The Year We Fell Apart by Emily Martin
Genre: Young Adult
Publication Date: January 26th, 2015
ARC provided by Edelweiss and Simon Pulse
Angie’s Review – 1 Skull – F
Phew. What a ride! So, this was one of those books where I look around questioning if I just read the same thing everyone else did. And I wonder if part of this was my expectations going in. I’ve just started reading (and loving!) Sarah Dessen, and since this book was touted as being ‘In the tradition of Sarah Dessen,’ I was excited to give it a go. Now let me just say, I have only three SD books under my belt, but this is only similar to her style in the very bare bones of the plot. Yes, there is always a boy involved, but the girl’s entire life does not revolve around said boy. In fact, she has several other things that her life revolves round. I didn’t find that to be the case with The Year We Fell Apart. I found this book to be very clinical – a simple recounting of events as opposed to an experience, and it was mostly about a lukewarm relationship with a boy. So, it’s safe to say this review may be slightly rant-y.
The blurb led me to believe that Harper’s mother’s cancer is a prominent part of the story, but it’s barely mentioned until a catalyst is needed to bring Harper and Declan together. If the cancer portion of the story had been removed, it wouldn’t have changed much. And Harper and Declan – it’s hard to even put into my words how I feel about their…relationship? Both of them bring new meaning to hot and cold. I don’t know what they see in each other, as they seem to bring out the worst sides of each other.
Harper’s bad girl image was very hard for me to swallow. The reasons she acted the way she did ‘back in October’ didn’t ring true to me, so I couldn’t help but doubt everything after that. We’re given a few different reasons why she does the things she does throughout the book (one that was actually quite major, but was glossed over and never revisited again,) and her friends rarely call her on it and ask her what’s going on. Except occasionally Dec, but since he’s hot one minute and cold the next, how is he supposed to get anywhere with that? At the end of the book, Harper’s relationship with Dec felt like it wasn’t resolved at all, and I wish it had just been ixnayed from the story. There was bullying and slut shaming going on in this book, and while it wasn’t glossed over, it was never fully explored. Why not throw some cyber and text bullying in there? Why not bring Harper through a really tough time, and show girls and boys that what others think of you doesn’t define who you are? And the mistakes we make, while haunting, are learning opportunities no matter our age? Amp up the plot and give us something to focus on besides Declan and his moods.

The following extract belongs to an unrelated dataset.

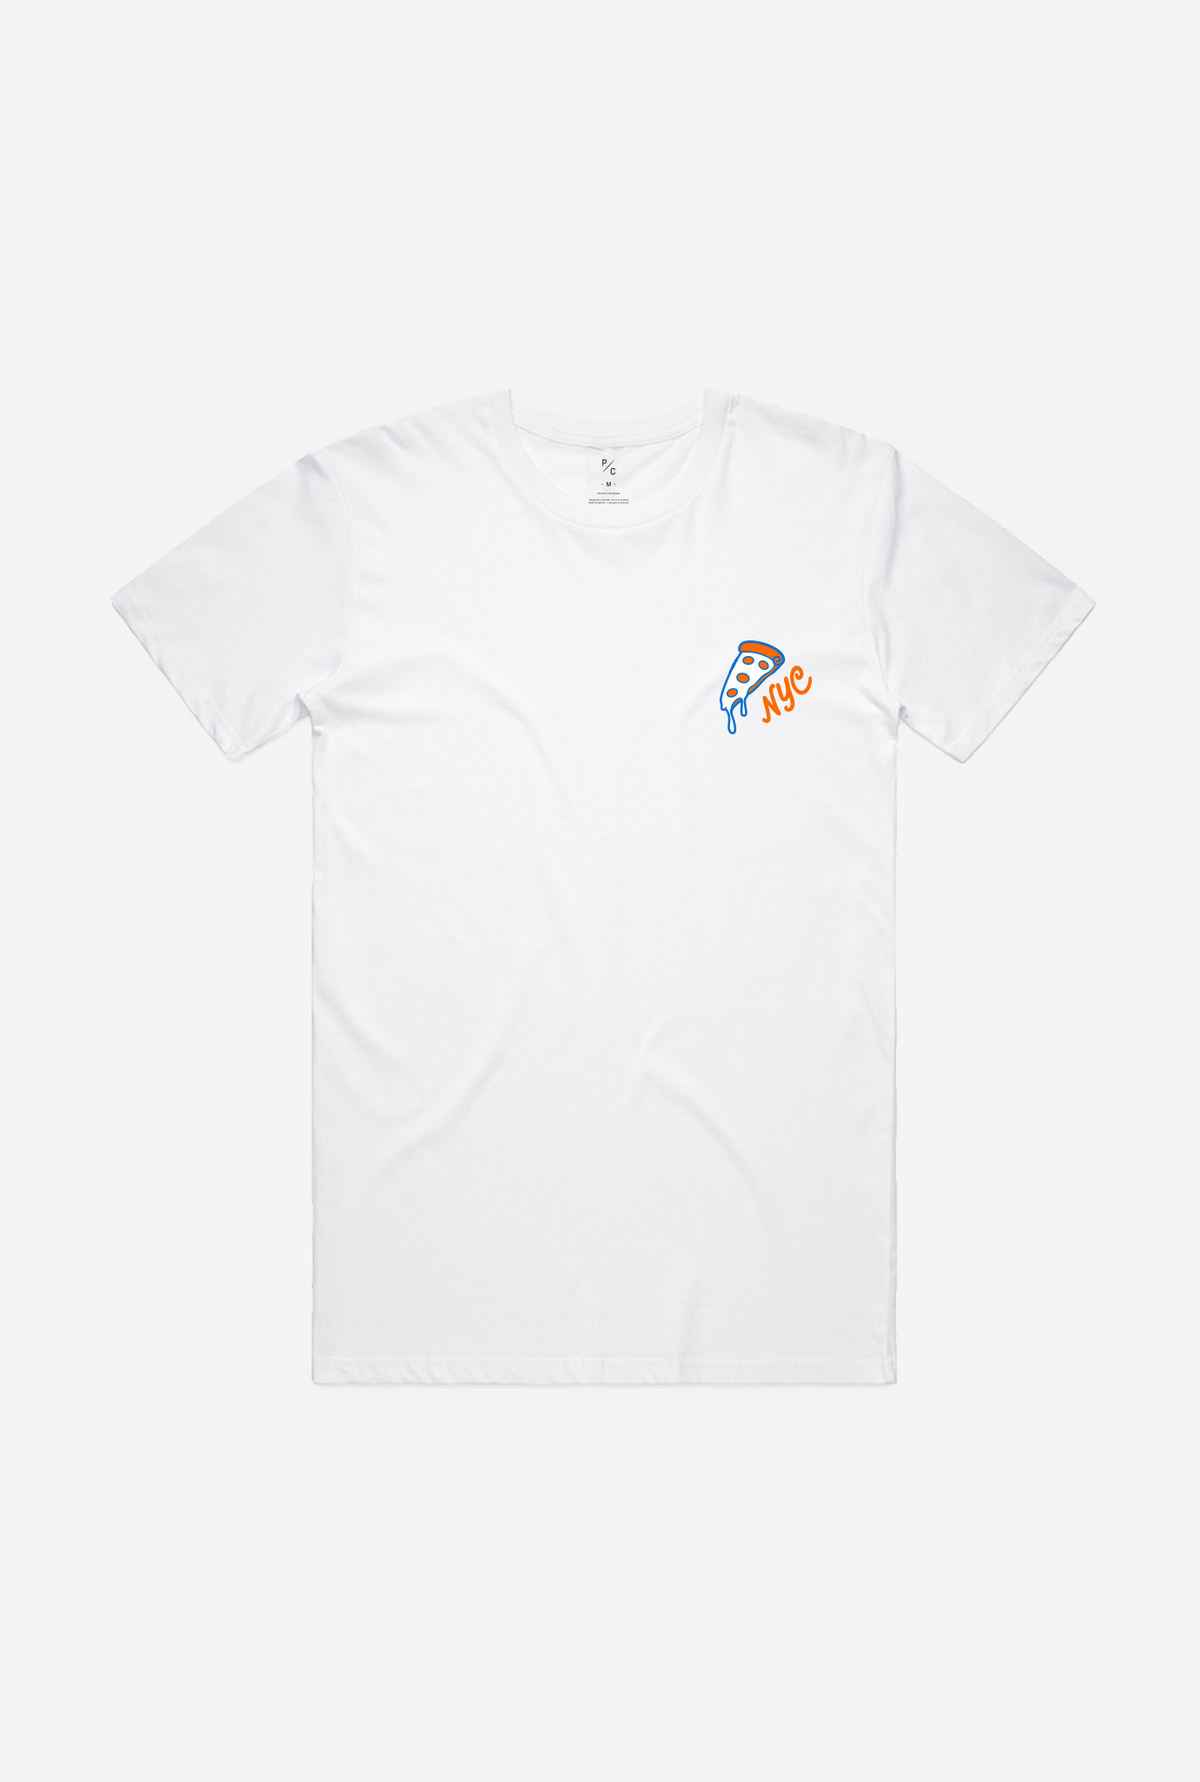 New York City Pizza T-Shirt - White

I did enjoy Harper’s best friend, Cory, and the friends she made in her photography class. They were a breath of fresh air in an otherwise angst-ridden story, and they really gave me hope that they could help Harper turn her life around. But alas, Harper’s ‘bad influence’ friend Sadie reigned, popping up in spurts long enough to let us know that maybe if Harper wasn’t friends with her, she’d be making better choices. Sadie led Harper to those parties where she made bad decisions, and if it weren’t for her…you get the gist.
I almost abandoned this story at 23%, and I wish I’d have done that. In the end nothing was resolved, and I feel like this book was trying too hard to be something it wasn’t. It just didn’t work for me.
Thank you to SIMON PULSE and Edelweiss for providing a copy of this book in exchange for an honest review.